# Raw frozen chicken feet?



## Mvinotime (May 25, 2015)

Does anyone feed these to help with keeping teeth clean? I am admittedly afraid of raw feeding for two reasons both likely completely invalid lol but still....one im a germphob and the when I cook chicken for example I am over the top with precaution so it worries me about the transfer of germs etc and second I am worried about the bones causing issues with choking, teeth, impaction whatever I am aware it is done successfully and of all the benefits for my dog but I just have not ever been able to get my head around it. However a friend suggested these as I was complaining my three year old boy is starting to get a little tartar in back etc. It "sounded" less scary as far as they are much smaller and simpler to manage than say necks or backs etc but can someone who knows about raw advise do these have any real benefit to his teeth? Has anyone had any issues feeding them? Or any successes with them?
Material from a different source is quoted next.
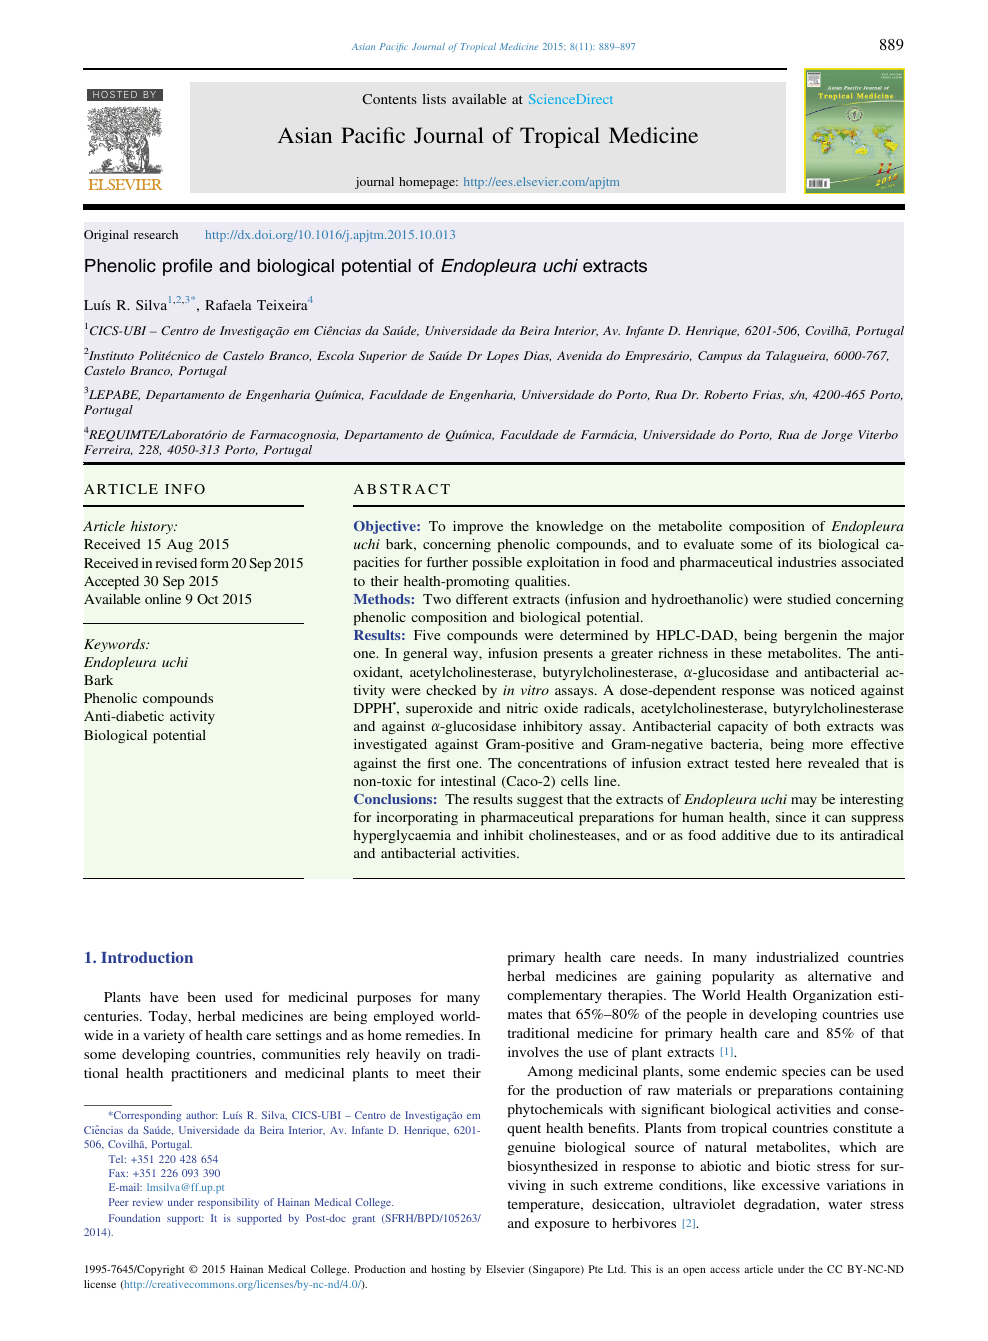 Phenolic profile and biological potential of Endopleura uchi
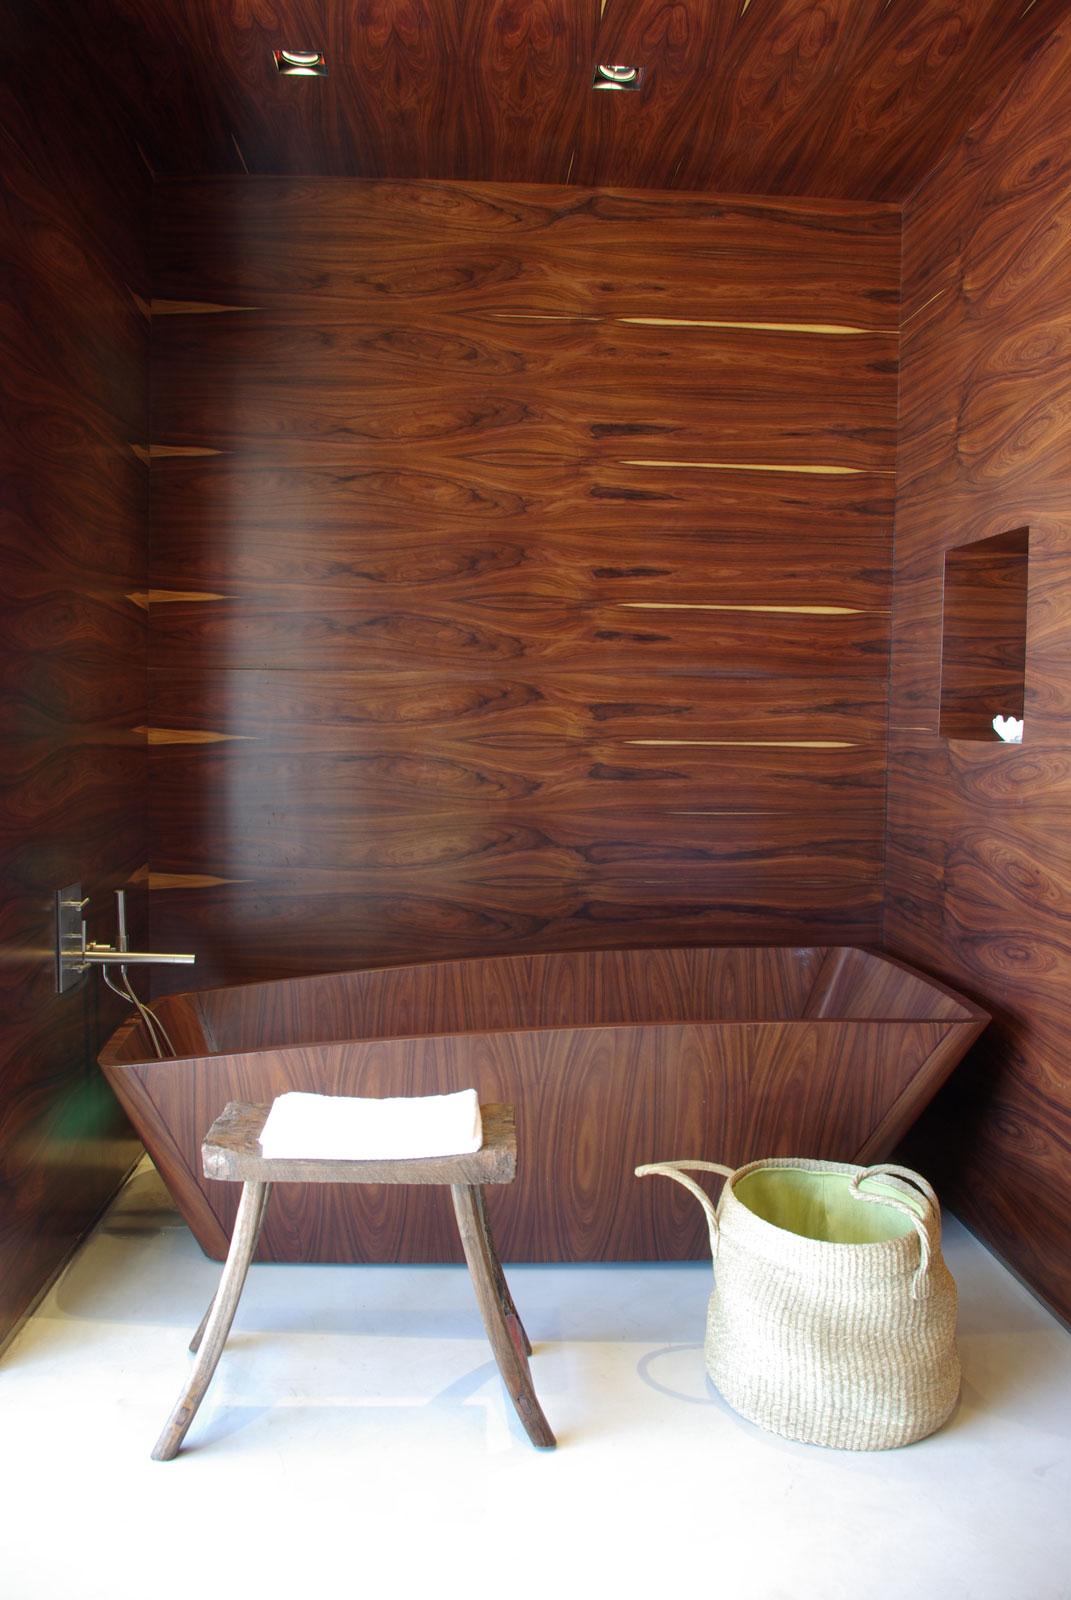 Estancia-Vik-Jose-Ignacio-Master-Suite-Wood-Bathtub-at-IDEASGN.jpg

Just like to here from folks who do use them and why etc? Or if anyone has any other ideas I could use as treats/in between meals that might help? I brush his teeth but the only other thing he chews on are rope toys or Durable Nylabones which I throw everything out as soon as it starts to wear much at all (worrier!) Thanks so much!


----------



## asuk (Jan 6, 2017)

I feed them and also a host of other raw bones. It has definitely does my mini's teeth well since he doesn't have bad breath and I have never brushed his teeth.

That said, a bully stick will also do the job if you are a germaphobe. It's probably best not feed raw bones if you are icky over it. I have trained mine to eat it on a specific mat and he doesn't move out of this mat when he eats it. He also just waits there when he is done, and I wash his paws and face. 

You have to make sure he doesn't gulp the bones, some dogs tend to do this.


----------



## lily cd re (Jul 23, 2012)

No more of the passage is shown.